Future<void> _submit() async {
  await _repository.createPost(_contentController.text);
  await _cache.delete('draft_post');
}

Three lines of code that save users from losing their work. This is worth doing in any form that takes more than a minute to fill out.

Packages I use for local persistence:

  1. Hive for simple key-value storage

  2. Isar when I need more powerful queries

  3. sqflite for relational data

  4. shared_preferences strictly for user settings, not for anything substantial

State Management at Scale

setState is fine. I want to say that clearly because there's a tendency in the Flutter community to treat it like it's always wrong. For local, simple UI state – a button toggling, a form field showing validation — setState is exactly the right tool.

The problems start when you use it for state that multiple widgets depend on, or for async operations, or for anything that needs to survive navigation. I've done all of these. Here's what goes wrong:

// This setState call lives high in the widget tree.
// Every widget below it rebuilds — including expensive ones
// that have nothing to do with this state change.
setState(() {
  currentUser = updatedUser;
});

As the app grows, this gets worse. Rebuilds spread. Side effects happen in unexpected order. You start spending more time debugging state than building features.

Moving to Riverpod

After hitting these walls in my second app, I switched to Riverpod and haven't looked back. The core idea is simple: state lives outside widgets, and widgets subscribe to exactly the state they need.

@riverpod
class UserNotifier extends _$UserNotifier {
  @override
  AsyncValue<User> build(String userId) {
    _load();
    return const AsyncValue.loading();
  }

  Future<void> _load() async {
    state = const AsyncValue.loading();

    // AsyncValue.guard runs the future and wraps the result
    // in AsyncValue.data on success or AsyncValue.error on failure.
    // It saves you from writing try/catch every single time.
    state = await AsyncValue.guard(
      () => ref.read(userRepositoryProvider).getUser(userId),
    );
  }

  Future<void> refresh() => _load();
}

In the widget:

@override
Widget build(BuildContext context) {
  // ref.watch subscribes this widget to the notifier.
  // It rebuilds only when userAsync changes — not when
  // unrelated state elsewhere in the app changes.
  final userAsync = ref.watch(userNotifierProvider(widget.userId));

  return userAsync.when(
    // when() forces you to handle loading, error, and data.
    // Miss one and it's a compile error, not a runtime surprise.
    loading: () => const CircularProgressIndicator(),
    error: (e, _) => Text('Error: $e'),
    data: (user) => UserProfileView(user: user),
  );
}

The part I appreciate most: when() makes it a compile error to forget the loading or error state. The compiler enforces what I used to forget.

Immutable State

One thing that burned me hard in a real-time chat feature: a mutable list shared across multiple parts of the app.

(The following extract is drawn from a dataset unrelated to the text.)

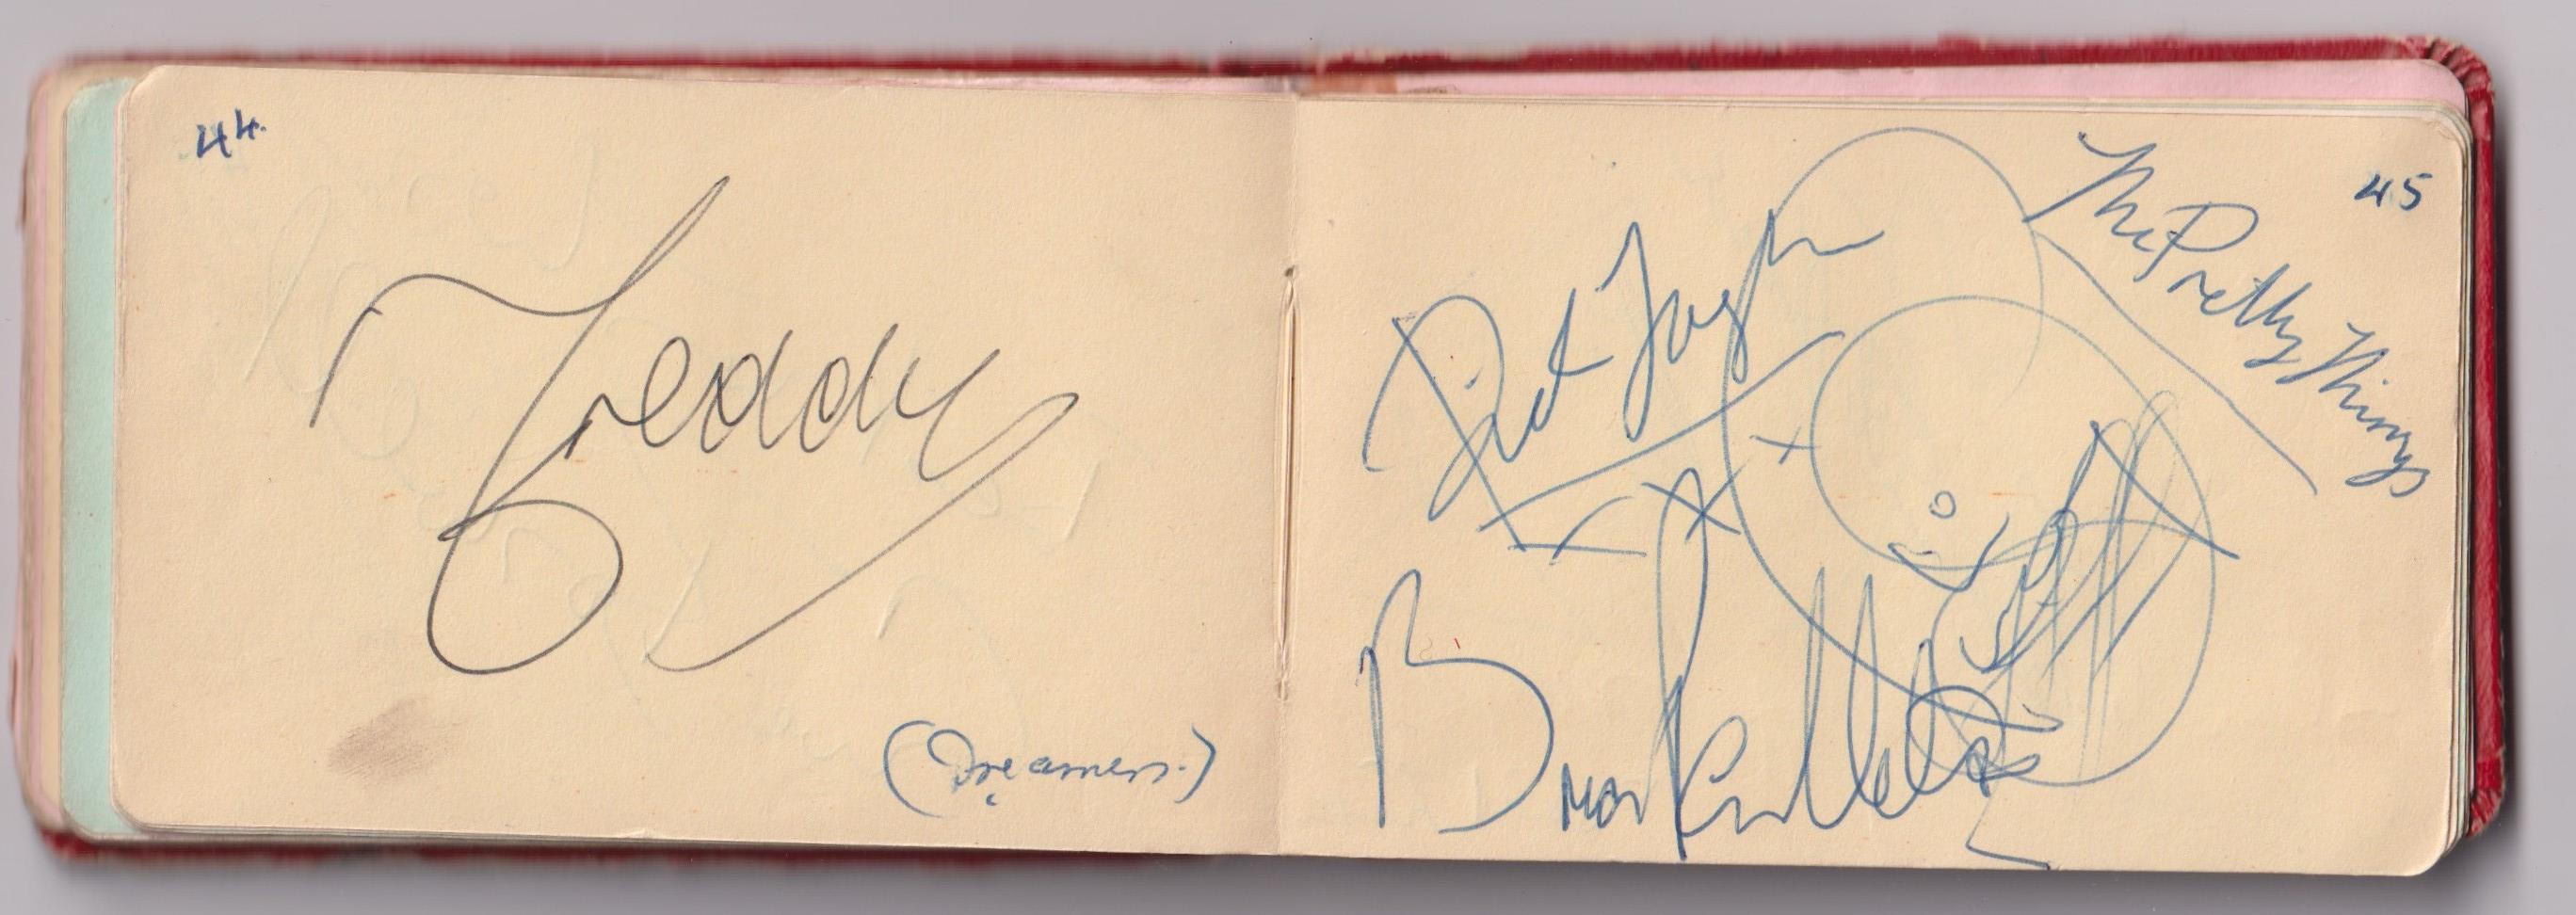 Autographs, a small autograph book belonging to a lady who worked in Heathrow Airport during the - Image 3 of 4

List<Message> messages = [];

// Later, in different places:
messages.add(newMessage);       // socket handler
messages.removeAt(0);          // pagination
messages.insert(0, pinned);    // push notification handler

When a message appeared twice, or disappeared at random, tracing which mutation caused it was genuinely painful. The fix is to never mutate and always create a new list:

// The old list is unchanged. The new state is a new list.
// Every change is explicit and traceable.
state = [...state, newMessage];

It feels like a small thing until you spend two hours debugging a mutation bug. Then it feels very important.

Widget Rebuilds and Rendering Performance

Flutter is fast. But unnecessary rebuilds accumulate, and on low-end devices the accumulation is noticeable.

Const Widgets Skip Rebuilds Entirely

The const keyword tells Dart this widget can be created at compile time and reused indefinitely. Any widget whose content will never change is a candidate.

// Without const: a new Text instance is created on every
// rebuild of the parent, even though the content never changes.
Text('Welcome to the app')

// With const: Flutter reuses the same instance.
// No rebuild work, no allocation.
const Text('Welcome to the app')

This sounds like a small thing. In a large widget tree with many static elements, the cumulative effect is real. Make it a habit.

Keep the Rebuild Scope Small

When setState lives high in the widget tree, every widget below it rebuilds — even ones that have nothing to do with the state that changed. The fix is to push state as far down the tree as possible, ideally into its own extracted widget.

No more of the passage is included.